Two of Levitt’s most famous papers are false: i.e. his key findings evaporate once elementary programming errors are corrected. This includes his controversial paper with Donohue that claims that the Roe vs. Wade decision was a cause of the signicant reduction in crime in the U.S. in the 1990s.
I guess I just got carried away with the romance of Levitt's story, Dubner's good writing and the whole notion of contrarienism, which is my ego taking over for, um, actual thought. Mine is a classic American human story. I am so disappointed in myself. But I can take it. Lesson learned.
BTW, I got this from Sullivan, where you can get some other links. And if you really want to burrow in, take a look at commenters on the first link.
Me? I've got This American Life's big health insurance story to attend to. Anybody got any Prozac?
UPDATE: Okay then. We're screwed.

Friday, October 16, 2009

Is It The Moon, Or Is It The End Of Western Civilization?

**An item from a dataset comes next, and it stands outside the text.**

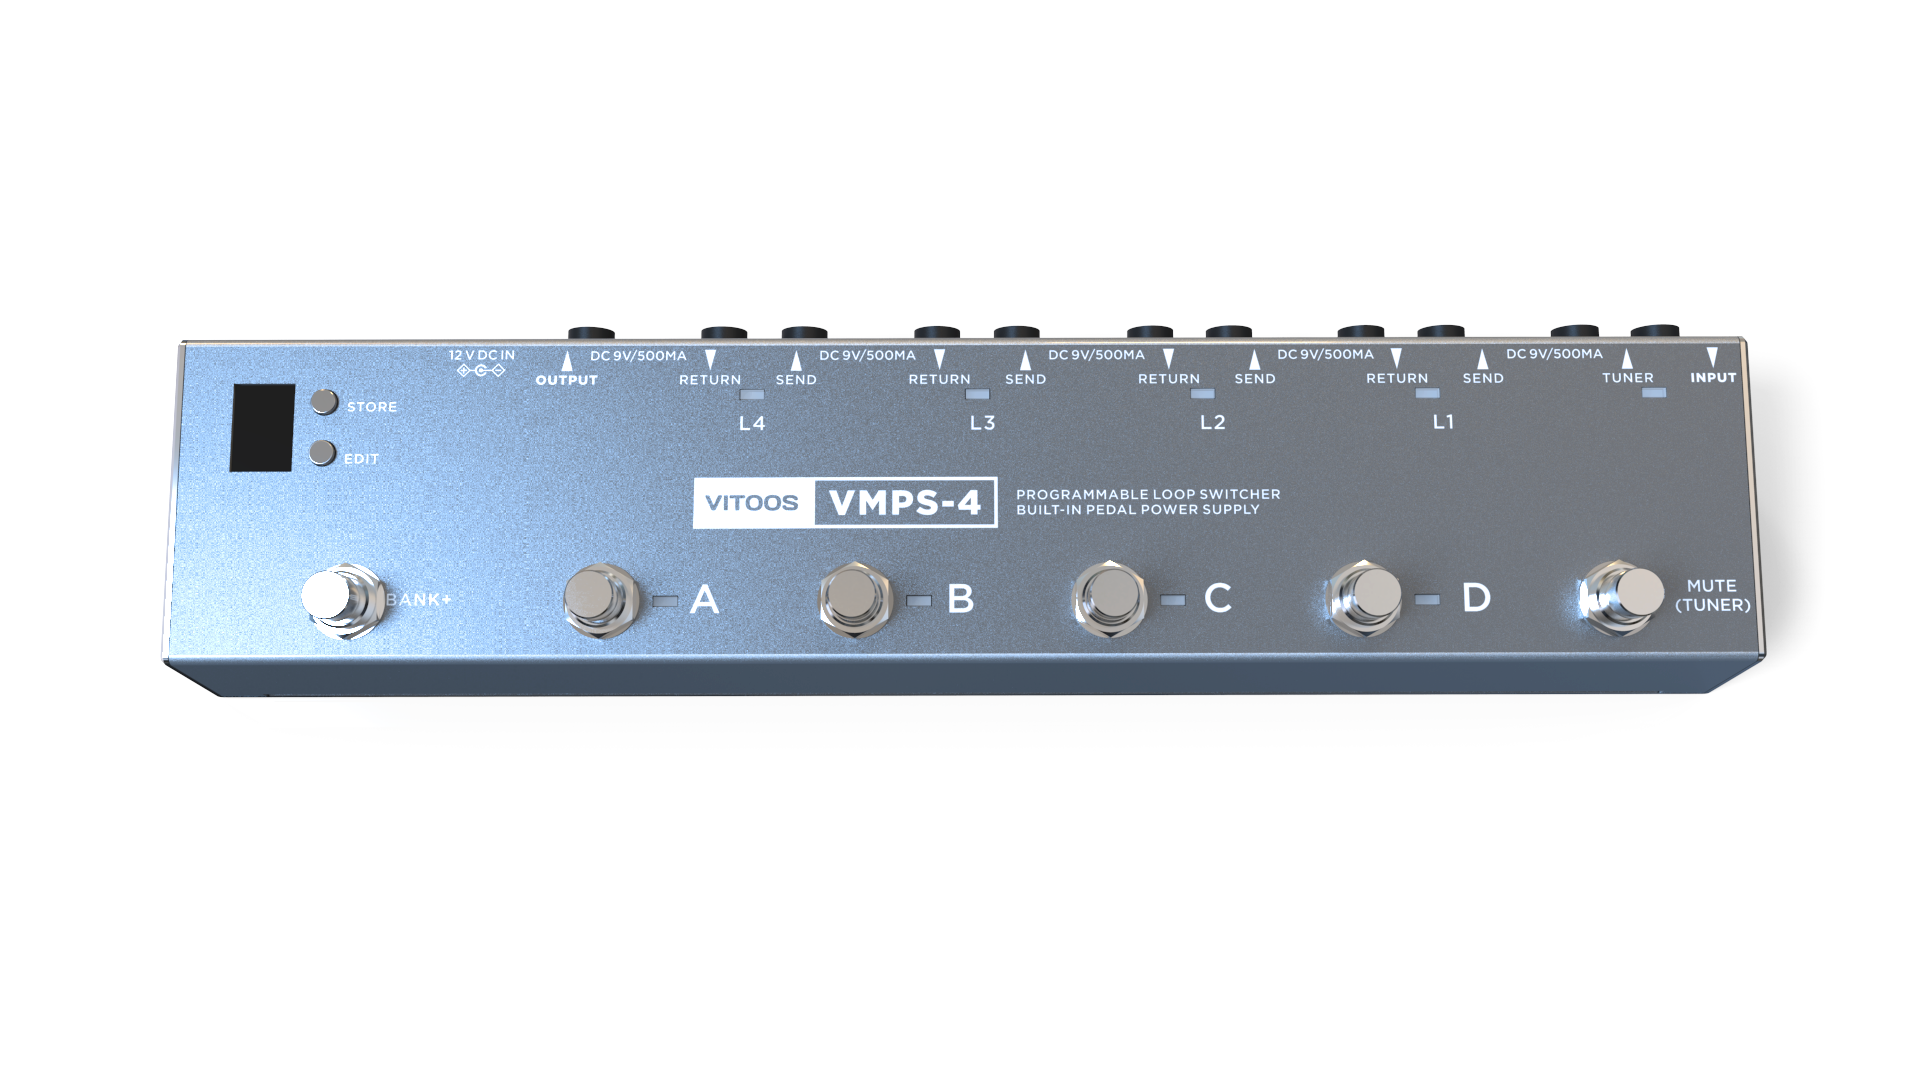 Vitoos VMPS-4 Progammer Loop Switcher Built-in Pedal Power Supply

I've been glued to breaking political news on my favorite internet sites for more than two years, but I just popped over to TPM after the Weeds interlude and I swear I have never seen such bizarre.
Josh Marshall wonders if wrestling and necrophilia have ever played a role in a political campaign before this year's Chris Dodd race in Connecticutt, the NRA thinks Hillary and third-world dictators want to take away somebody's (not mine) guns, Obama spokesman notes that biracial background don't seem to have adversely affected either his boss or himself despite what some Louisiana justice of the peace thinks, and some COP (Crazy Ol' Party) folks make news for the second day in a row in their quest to find Muslim plots teeming in the halls of Congress. So far nothing new on ballooon boy, but the day's not over.
I'm almost afraid to check HuffPo, which had headlined Arianna calling for Biden's resignation, a story I studiously avoided.
Was she kidding or has she jumped the shark? Dunno.
Back to Weeds, I guess.
This would all make more sense if I really was high.
And to top it all off, Andrew Sullivan found this:
Fewer people joined the Army this year than last year. The Army exceeded its recruitment goals not because recruitment went up but rather because recruitment goals were lowered. The Army is the service that has been having the hardest time finding new recruits in recent years, in part because it has borne the heaviest burden—and suffered by far the most casualties—in the Iraq and Afghanistan wars.
Don't trust anything you hear or read, ever.
Love,  Former  reporter

Complete This Sentence

If I could be any fictional character, I would be...
Nancy Botwin. 
Seriously, not a single character in fiction has appealed to me this much since Scarlett O'Hara who, I don't believe, had as much fun in bed as Nancy.
They both have the same resilience, cunning and beauty and they are both wonderfully imagined characters written by women with, at least on paper, my secret agenda.
Edgy, risky, flawed. I know Glenn Close and Holly Hunter have some good roles, and The Mirren was another all-time favorite with at least occasional satisfaction, but their characters live real lives and so must suffer alarming consequences.
Nancy, like Scarlett, will always come out okay. And so will her kids.
Misspent my morning watching the middle shows to Season 4. Oh, that Estefan! Whew!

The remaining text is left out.